Masing-masing kementerian/lembaga juga menyiapkan kajian untuk menentukan apakah butuh payung hukum untuk pelaksanaannya. Seperti misalnya draf rancangan Perpres tentang Penerapan Prinsip Mengenali Pemilik Manfaat dari Korporasi dalam Rangka Pencehgan dan Pemberantasan Tindak Pidana Pencucian Uang dan Tindak Pidana Terorisme yang dikoordinatori PPATK jadi salah satu contoh pengajuan payung hukum pelaksanaan beneficial owner.
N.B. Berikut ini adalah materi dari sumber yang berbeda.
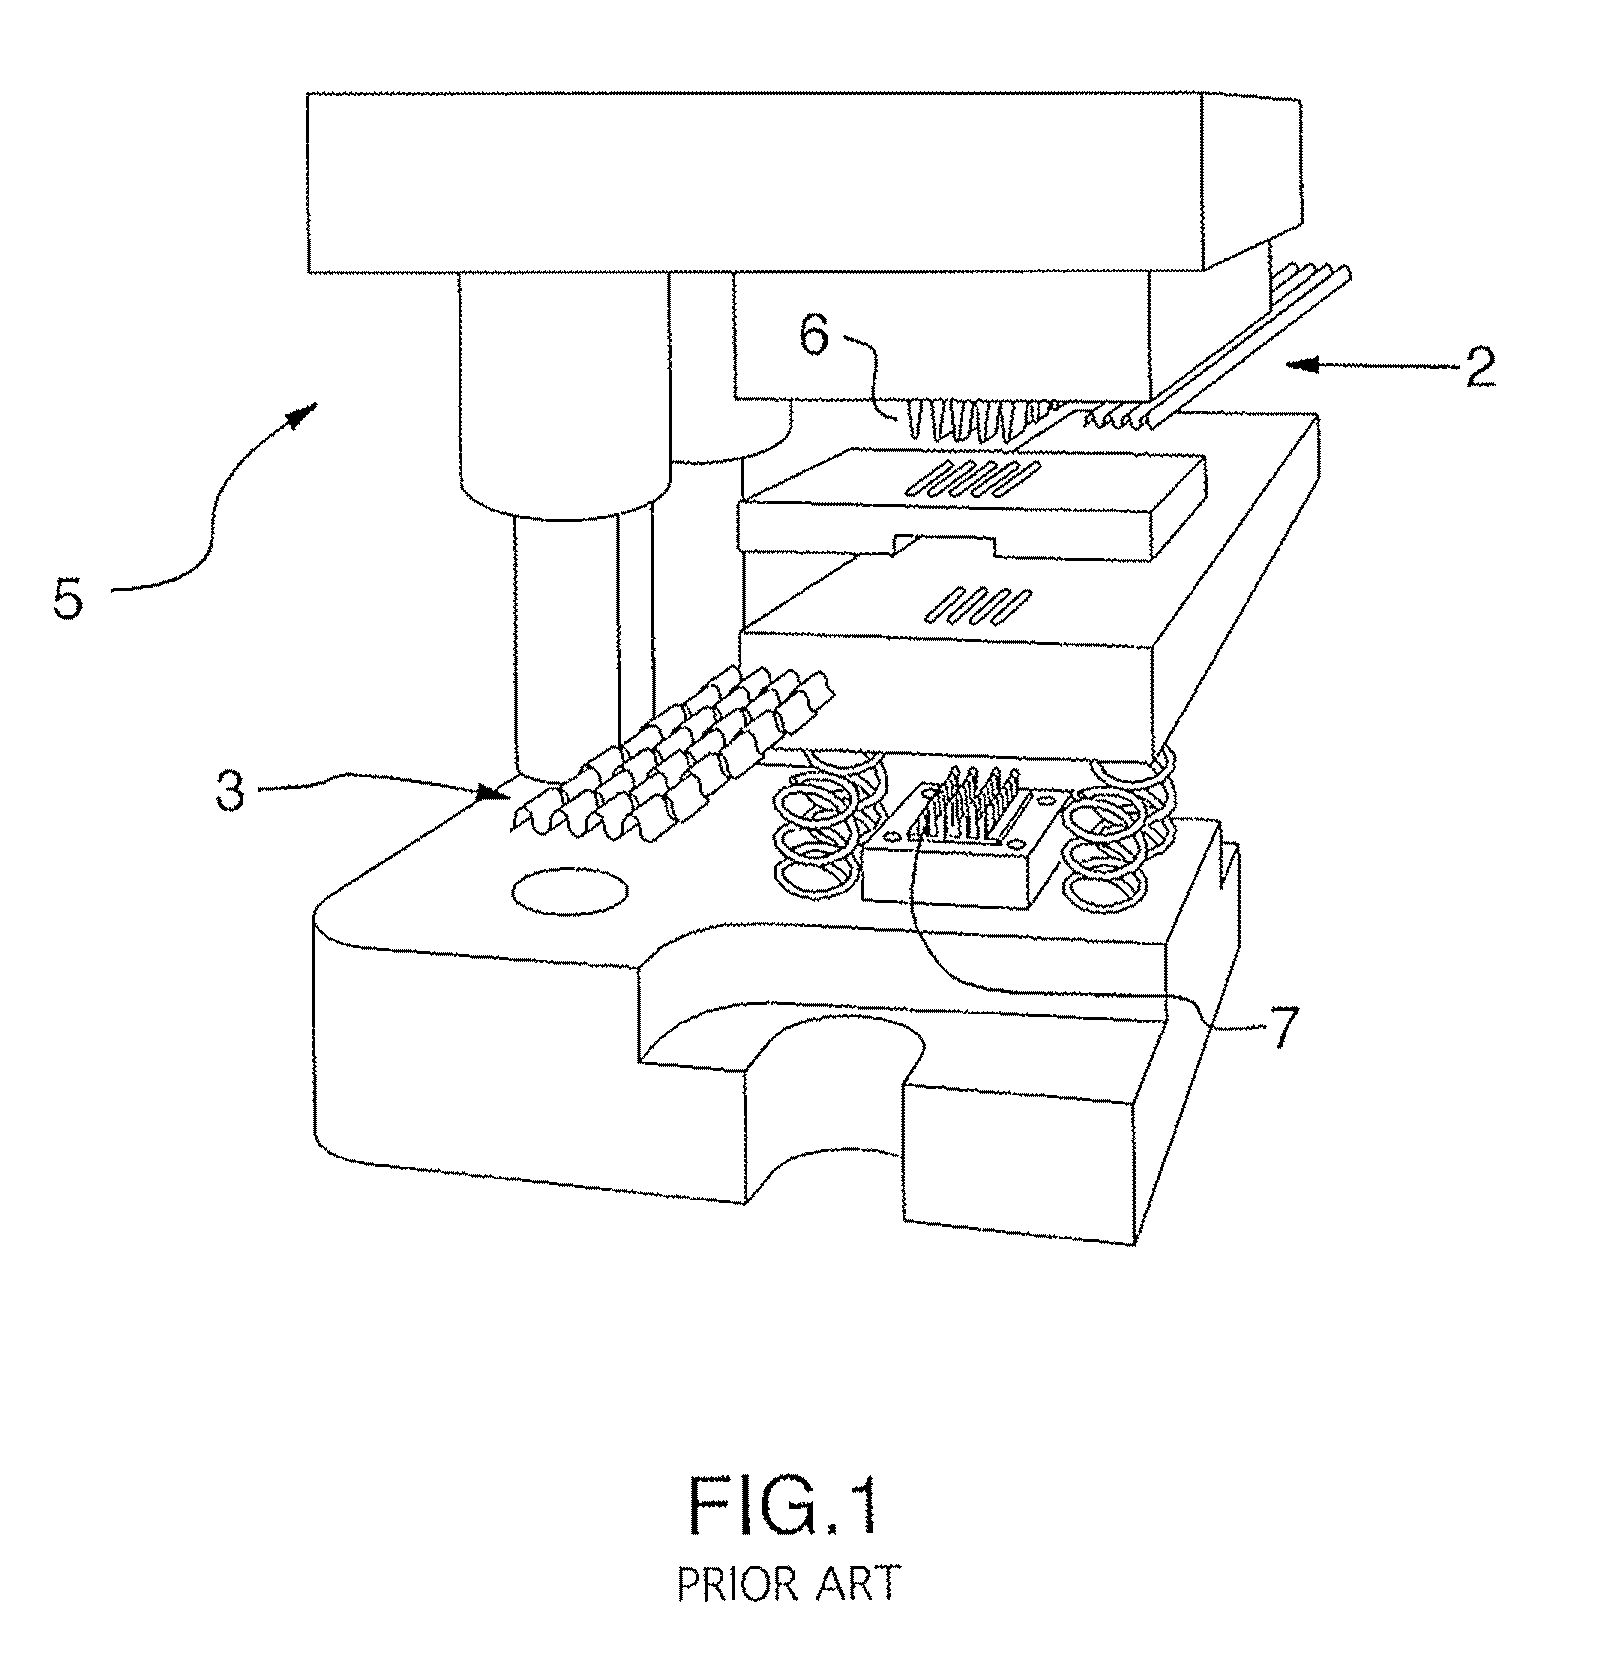 Turbulizers and method for forming same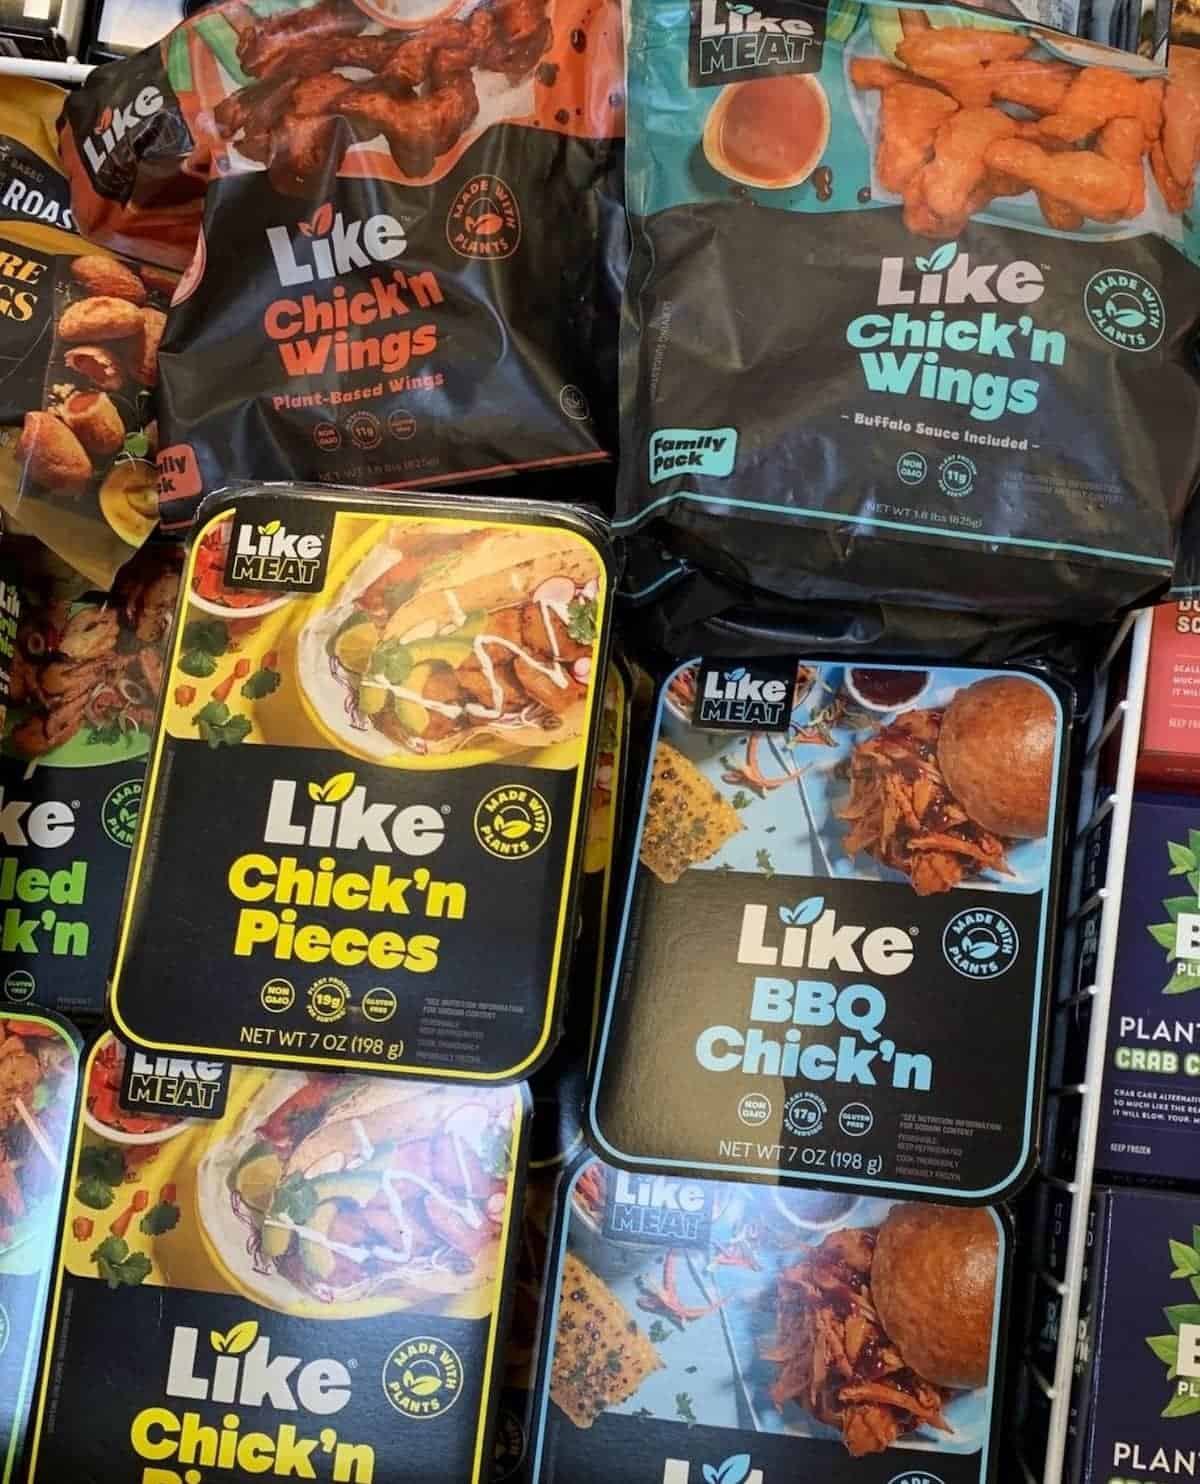 Packages of Like Meat brand plant-based chicken.

Kemenkumham juga sedang menunggu Keputusan Presiden (Keppres) agar pengajuan Perpres dapat segera dilakukan. Pengajuan Perpres itu dilakukan karena tidak ada pendelegasian beneficial owner di peraturan yang setingkat undang-undang. Dalam hal ini, Kemenkumham tidak bisa mengajukan Rancangan Peraturan Pemerintah (RPP) apabila tak ada undang-undang yang memayungi beneficial owner

Selain itu, KPK juga melakukan kajian kedua yang juga berisi risk assessment pelaksanaan beneficial owner. Kajian akan menentukan beberapa hal penting seperti tingkat keterbukaan dan siapa yang dapat mengakses informasi beneficial owner. Kajian KPK diperkirakan akan selesai di bulan Agustus 2017.